ルナミアたちと違う方向に来てしまったのかそれとも彼女たちが無事に逃げ切ったのか……。
(後者だと信じてはいますが……)
ふと耳を澄ませば何かが聞こえた。
この音、水の流れる音だろうか?
立ち上がり、道を逸れて茂みに入ると川が見えた。
もしかして川の流れに従って歩けば麓まで行けるのではないだろうか?
「あら? これは?」
近くの木の枝に何かが引っ掛かっているのが見えた。
これは……布だろうか?
青く染められた布だ。
騎士のマントの一部のようにも見えるが味方か敵か、どちらかの騎士がここに居たのだろうか?

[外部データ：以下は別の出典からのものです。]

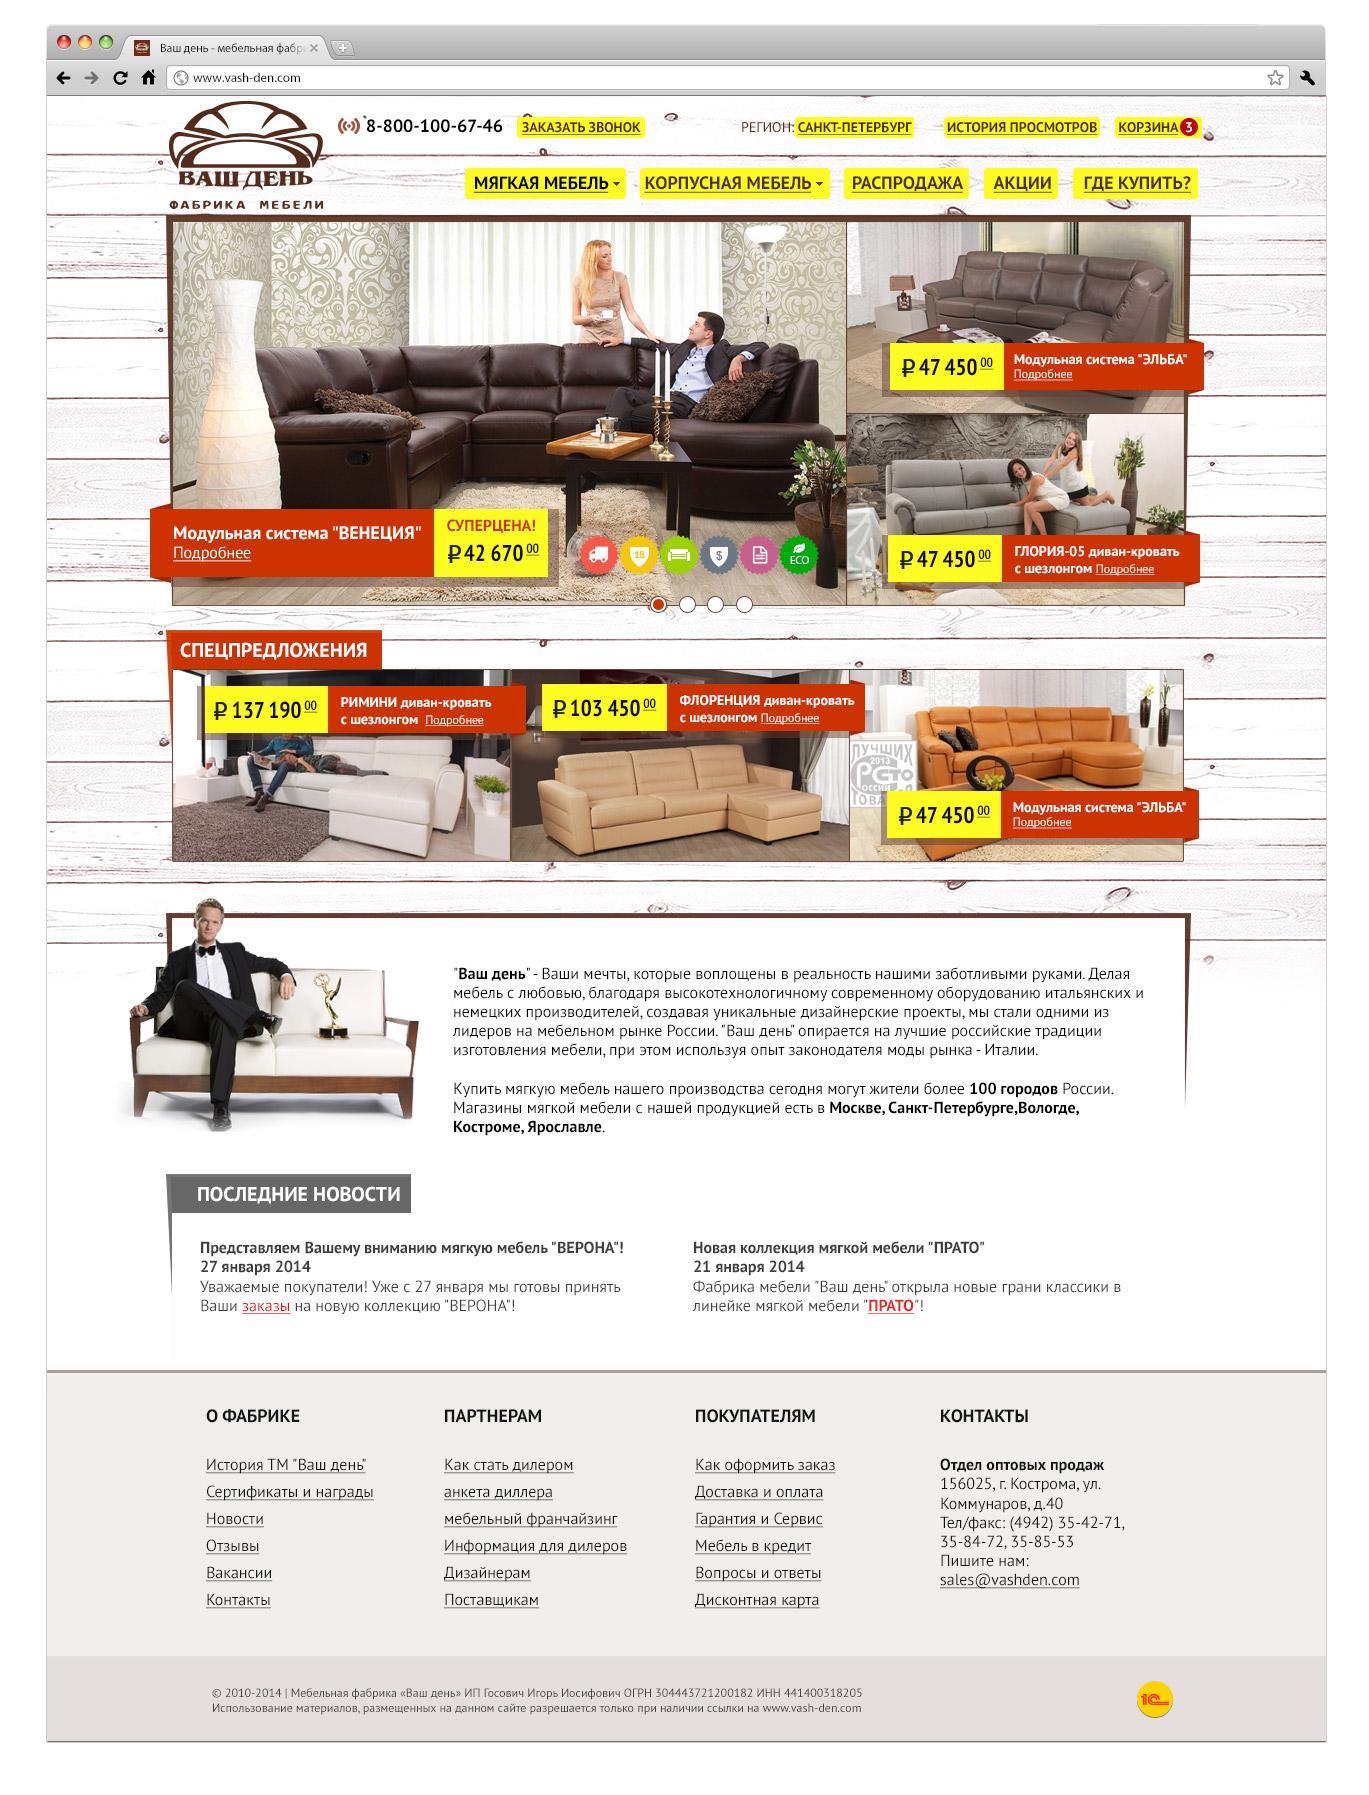 Разработать дизайн для интернет-магазина мебели фото f_28452ea28b2737b0.jpg
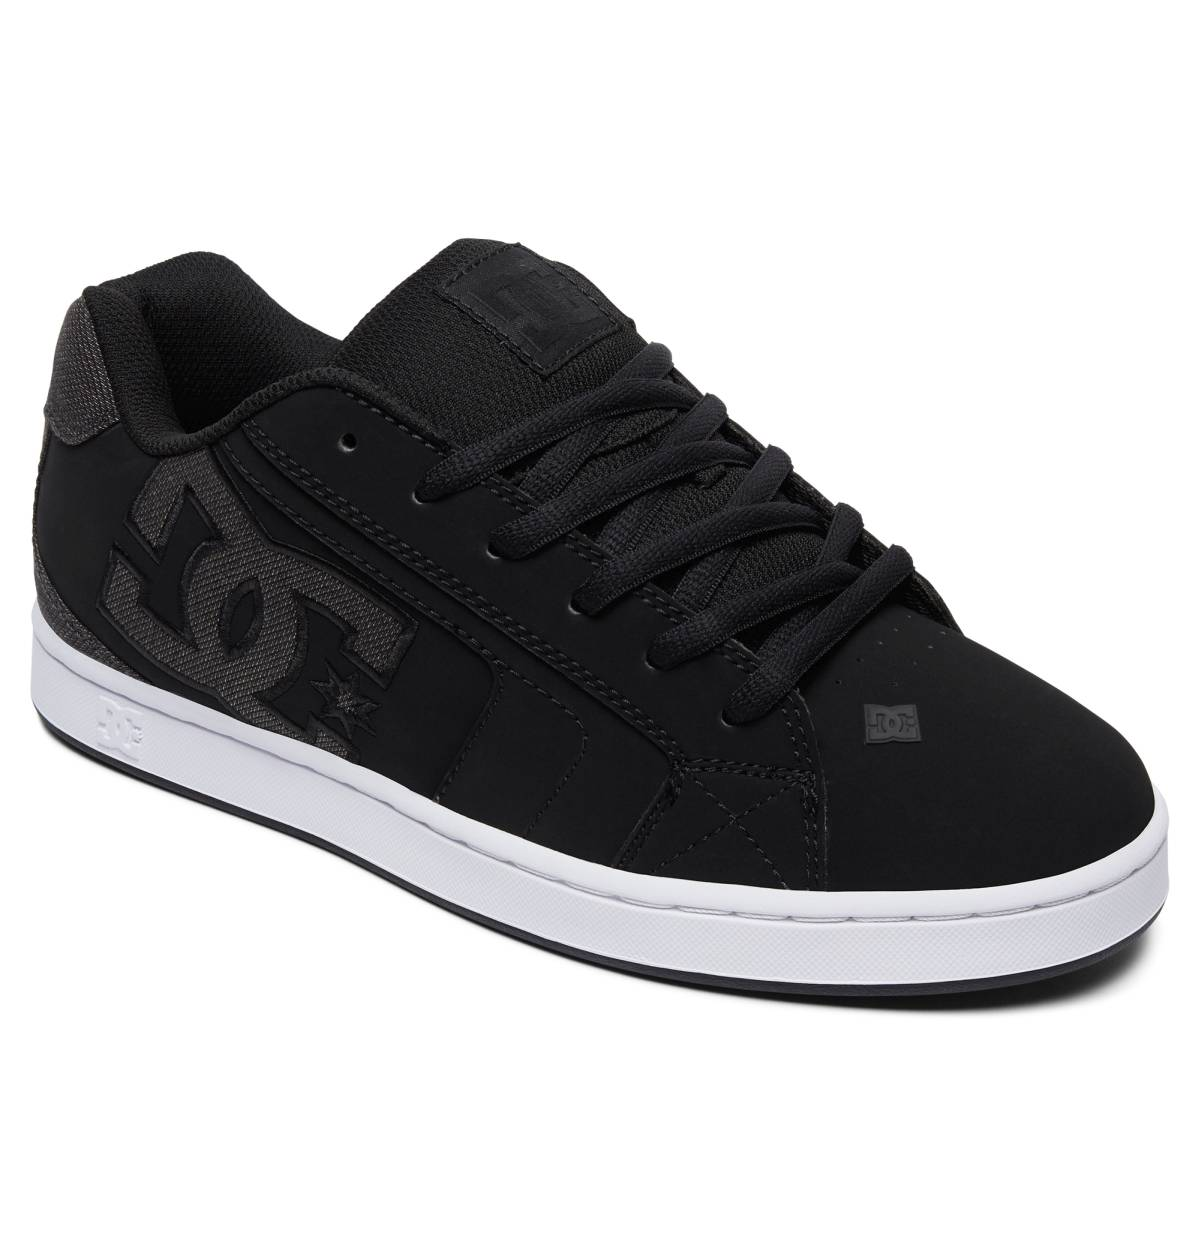 DC Schuhe Net SE Textil Niedrig-Cut Sneaker Freizeitschuhe Skateschuhe Leder Textil SE Schuhe 33f8f4

もう一度川の方を見てみると誰かが倒れているのが見えた。
ゲルデロートたちを呼ぶと川の方まで移動し、倒れていた人物に近づく。
装備からして傭兵のようだ。
首に矢が突き刺さり、絶命している。
また手は縄で縛られておりどうやら連行中に殺されたようだ。
「ほう? 足跡が多くあるな。これは味方のものか、それとも敵か……。行ってみるか?」
ゲルデロートの言葉に頷く。
足跡は川の流れに沿って続いている。
この足跡を残した一団も下山しようとしているのだろう。
だとするとルナミア達の可能性が高い。
「冷静に、諦めなければどうにかなりそうですわね」
「うむ。そう言うものなのだ」
ゲルデロートと共に笑うと歩き出す。
早く皆の顔を見たい。
きっとエドガー副団長たちならば生き延びて麓で待ってくれているだろう。
そう希望を抱きながら棒のようになった脚に気合を入れ、味方と共に進み続けるのであった。